Data for this exercise START

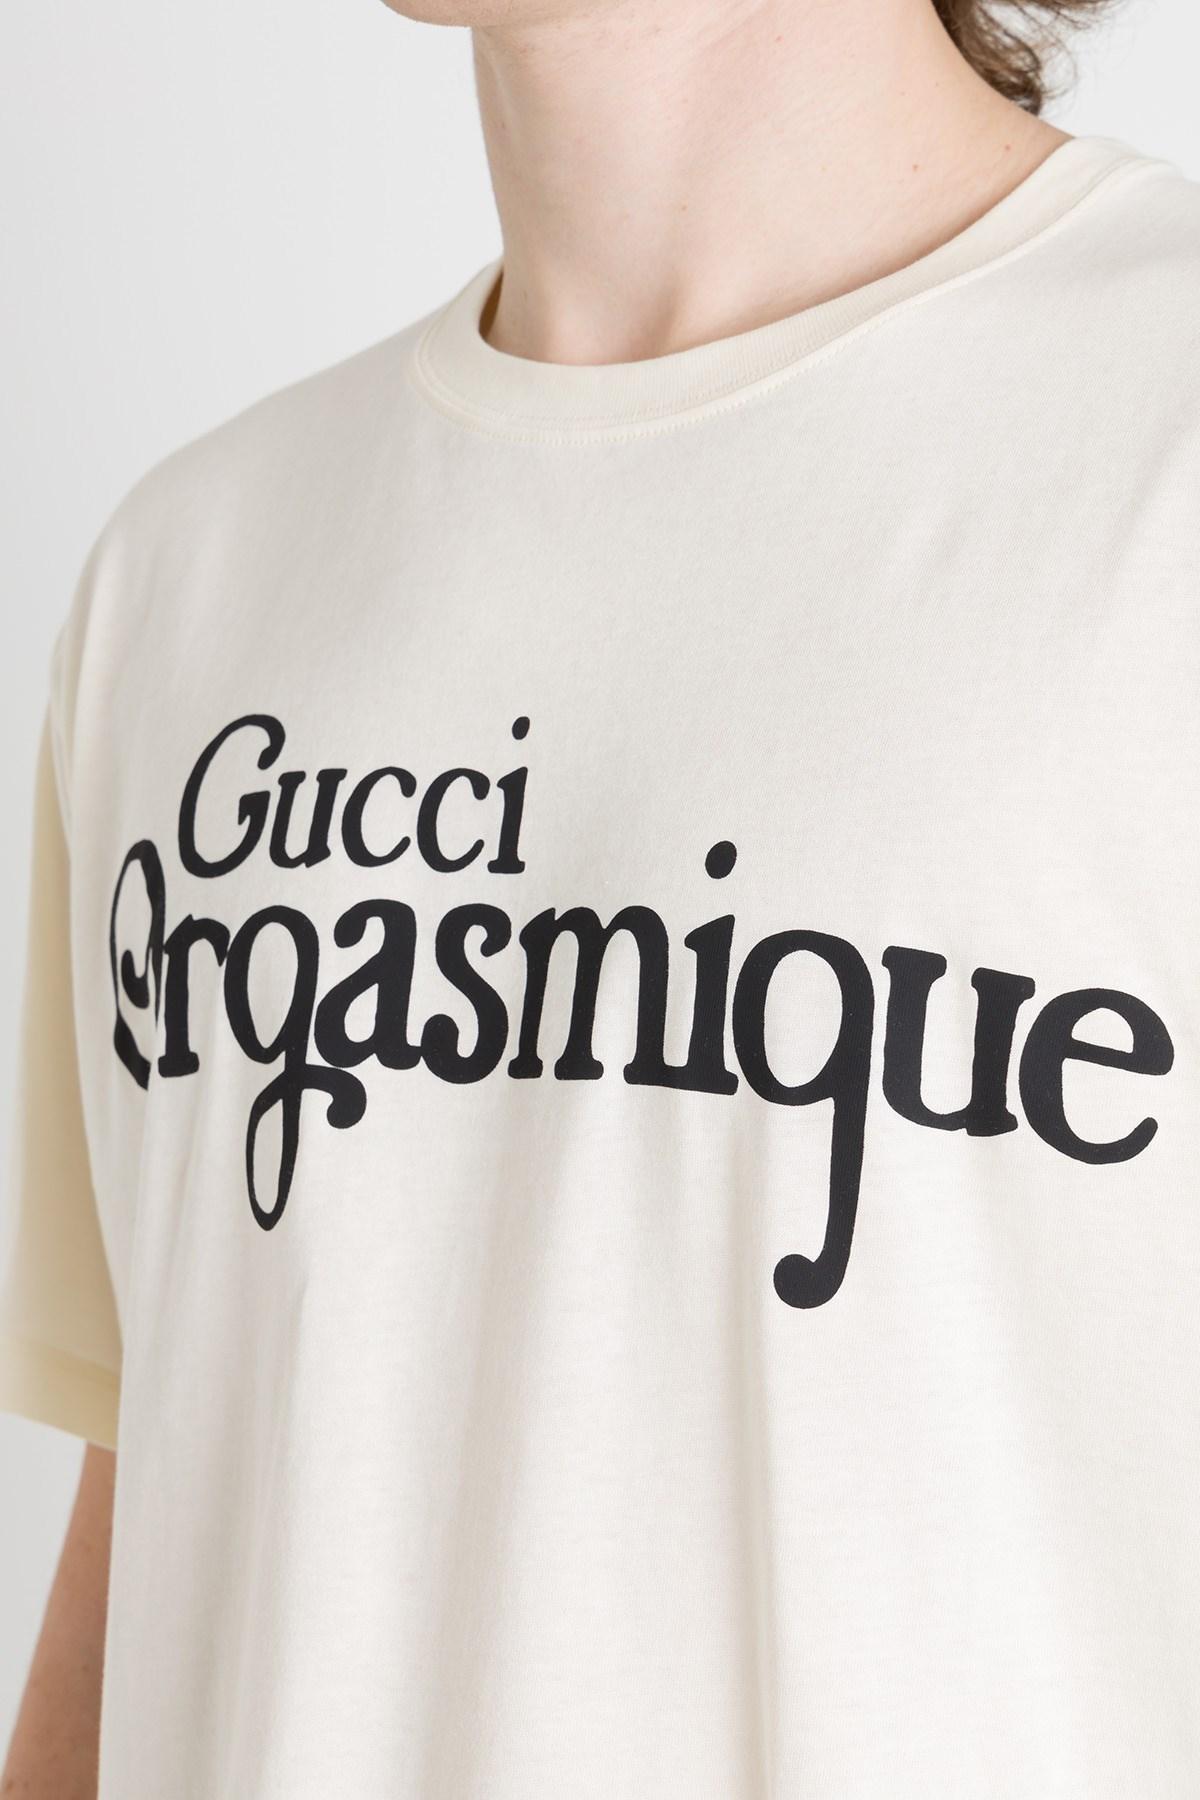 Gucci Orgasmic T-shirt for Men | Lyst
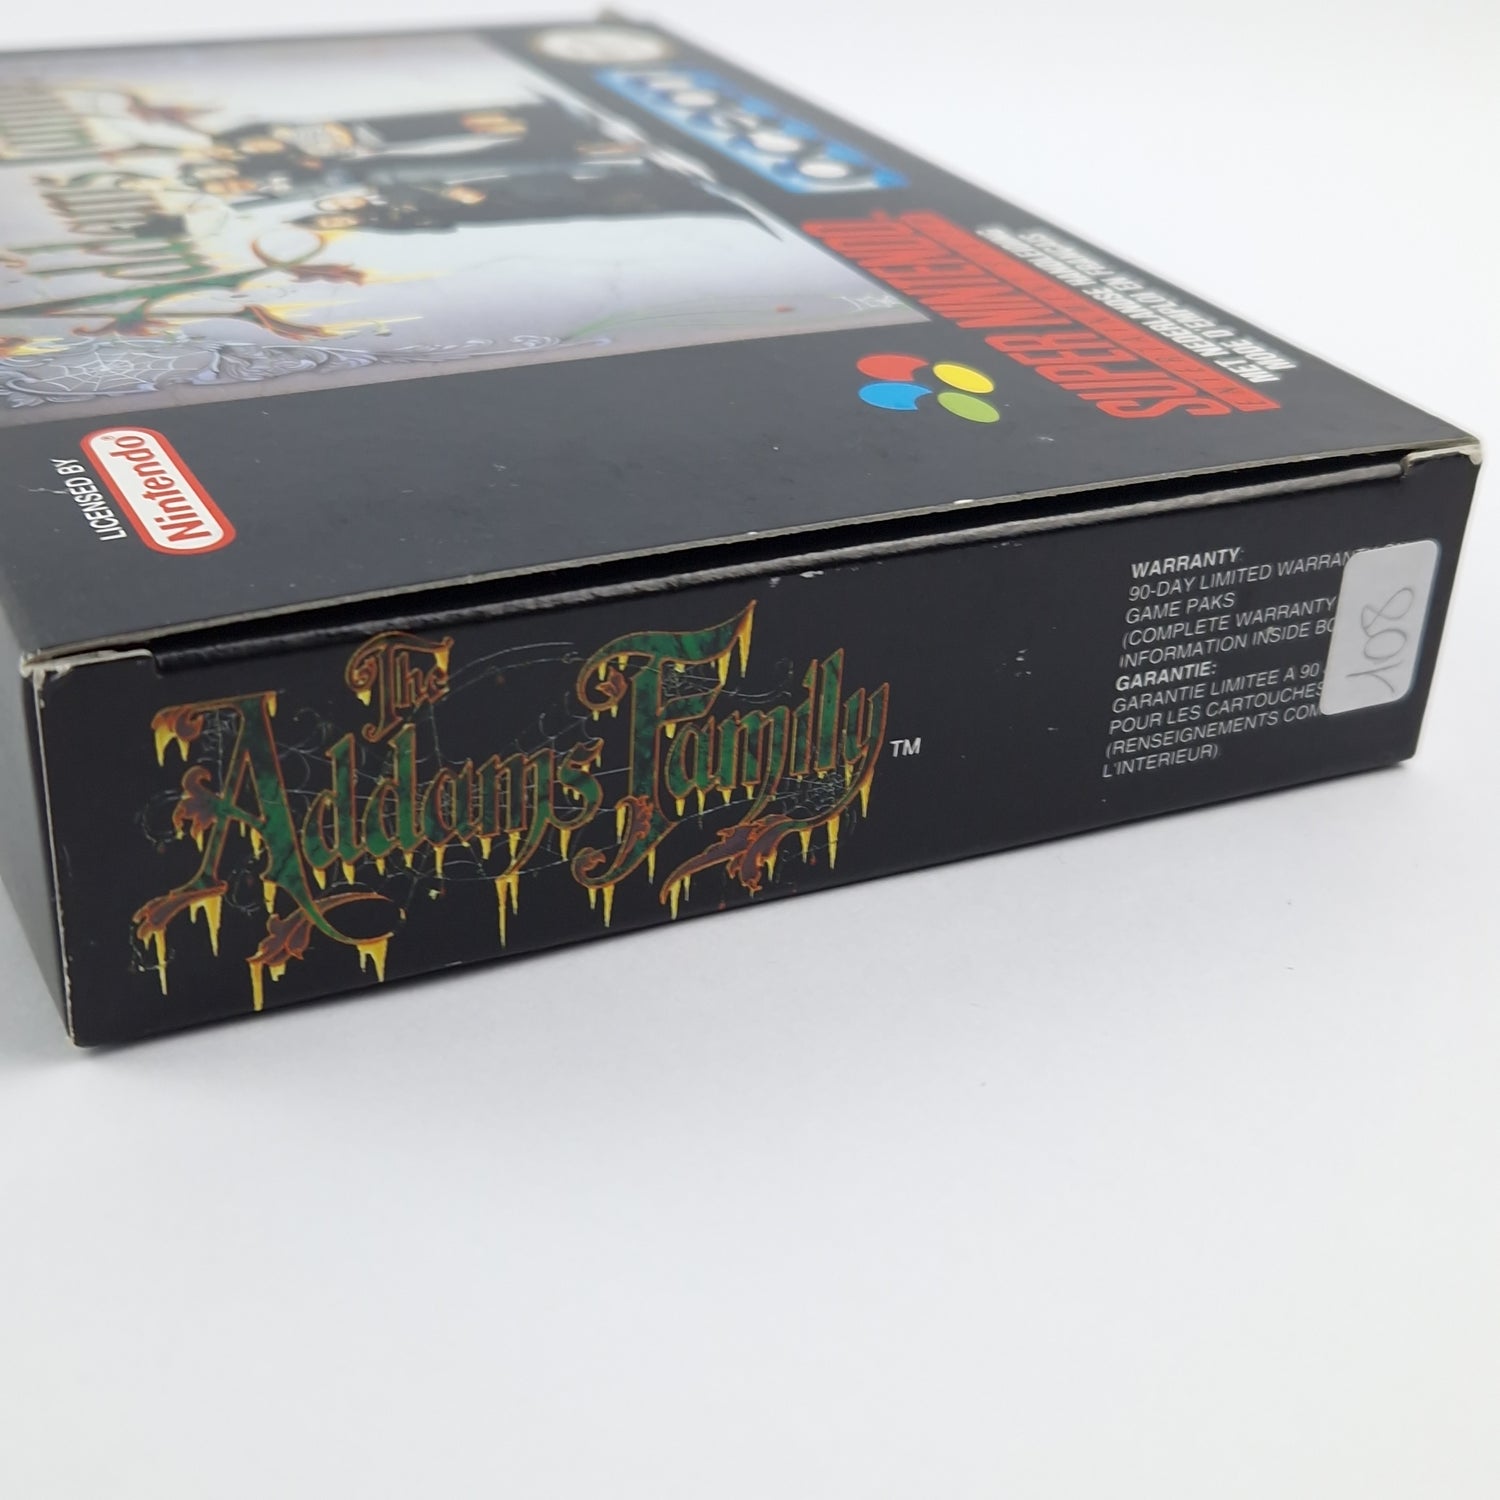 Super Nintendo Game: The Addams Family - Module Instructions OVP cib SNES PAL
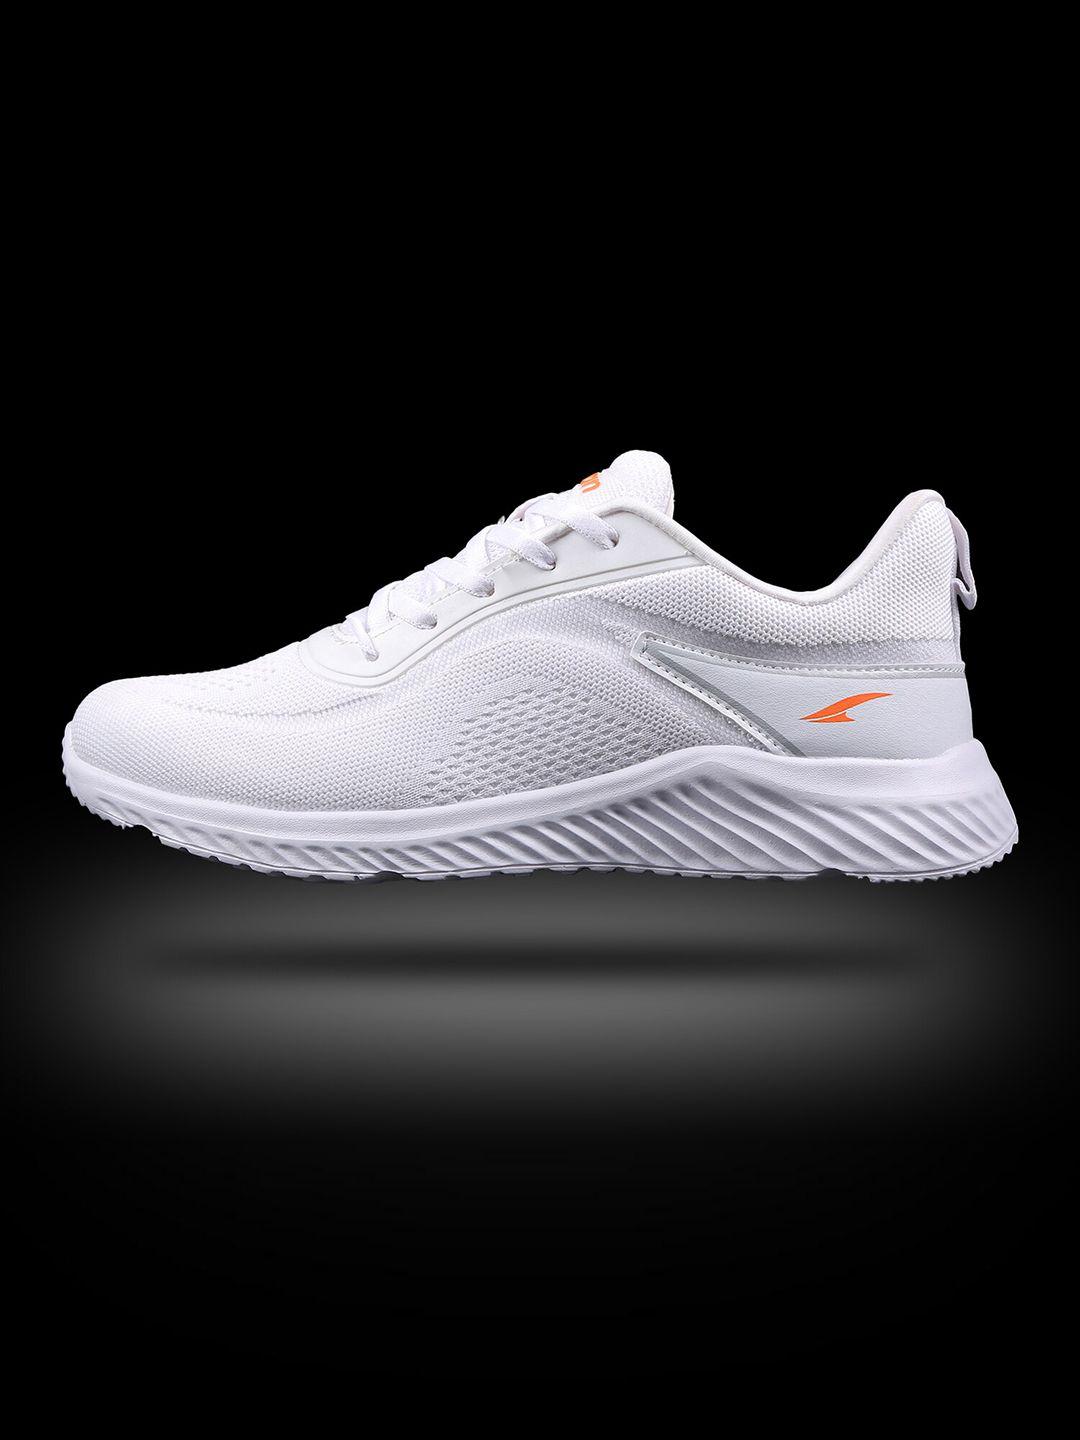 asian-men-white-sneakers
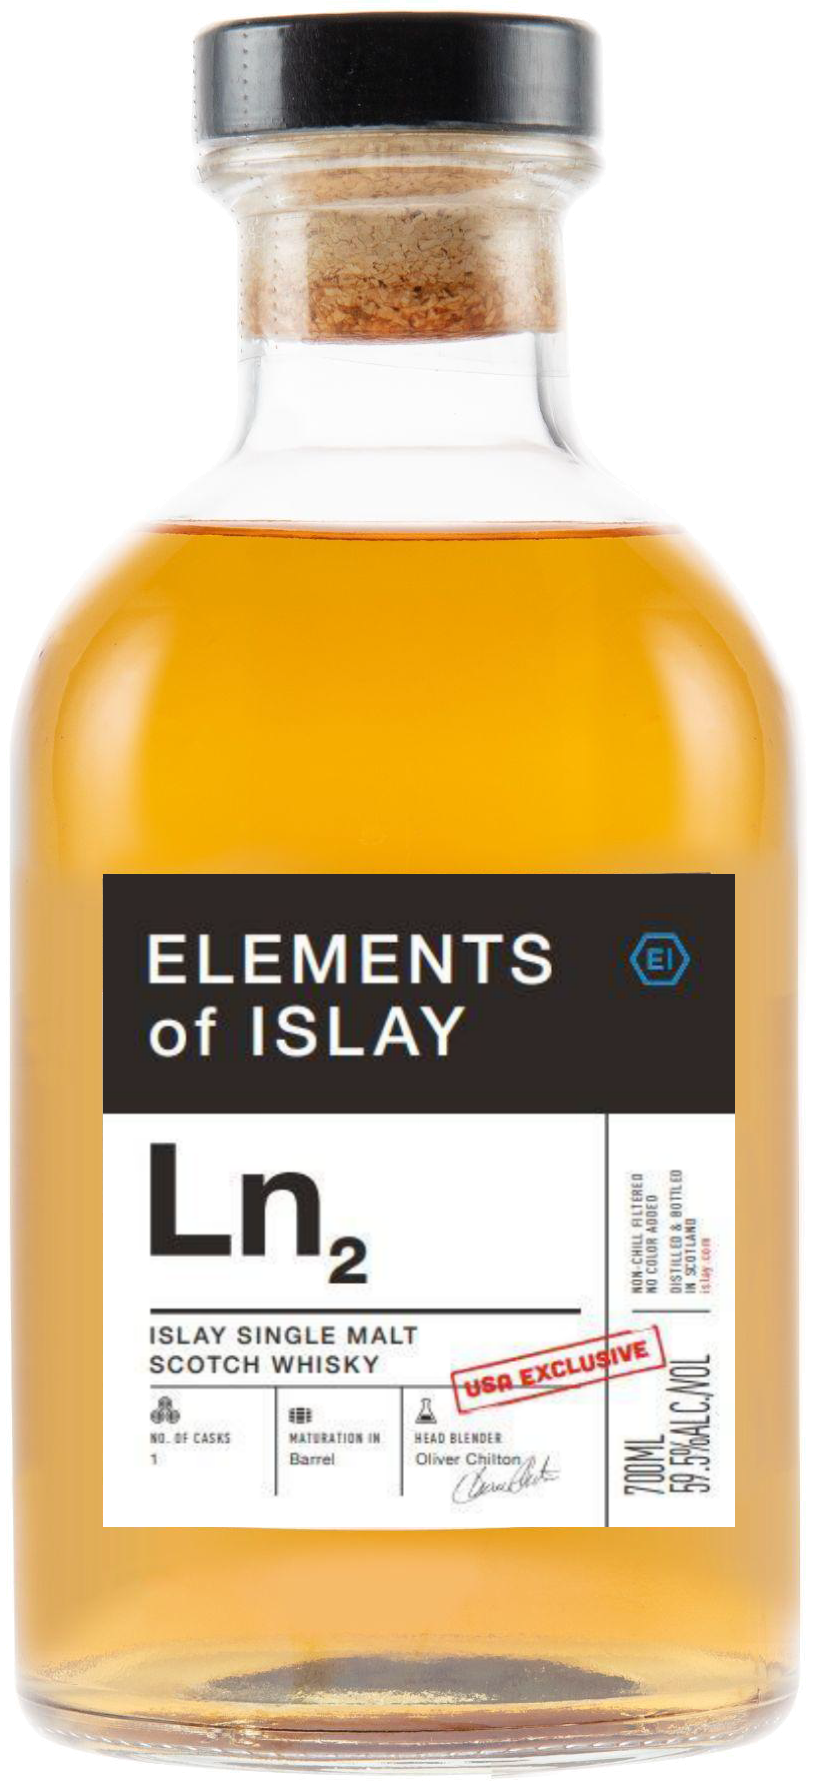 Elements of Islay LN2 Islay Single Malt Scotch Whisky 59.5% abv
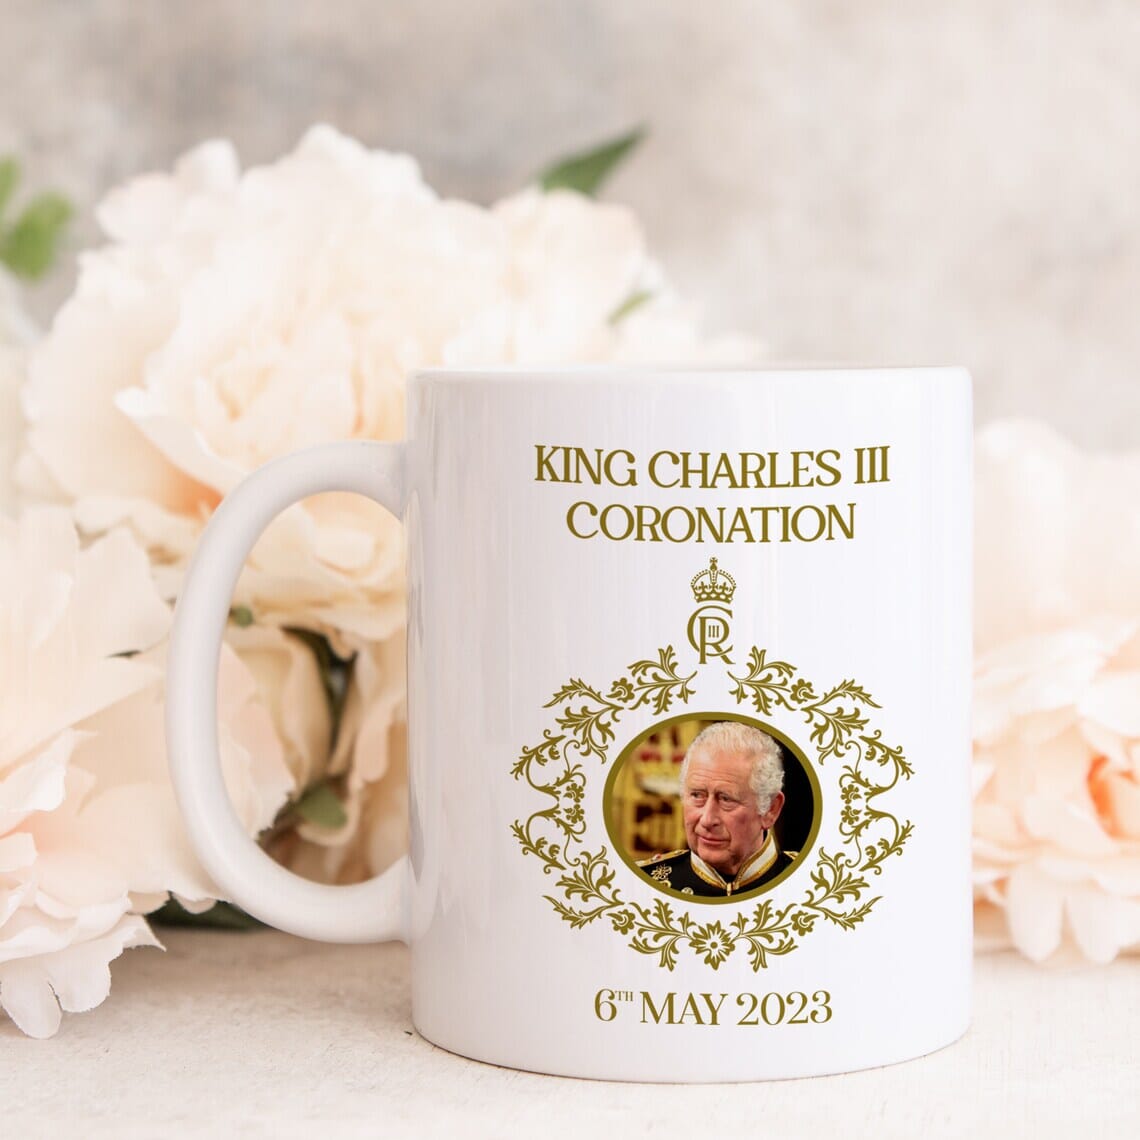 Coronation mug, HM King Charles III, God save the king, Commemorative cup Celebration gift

Data for this exercise END

A verbatim copy of the listing, with all pictures removed, is required.

 Gucci Orgasmic T-shirt for Men | Lyst
 Super Nintendo Game: The Addams Family - Module Instructions OVP cib SNES PAL
 asian-men-white-sneakers
 Elements of Islay LN2 Islay Single Malt Scotch Whisky 59.5% abv
 Coronation mug, HM King Charles III, God save the king, Commemorative cup Celebration gift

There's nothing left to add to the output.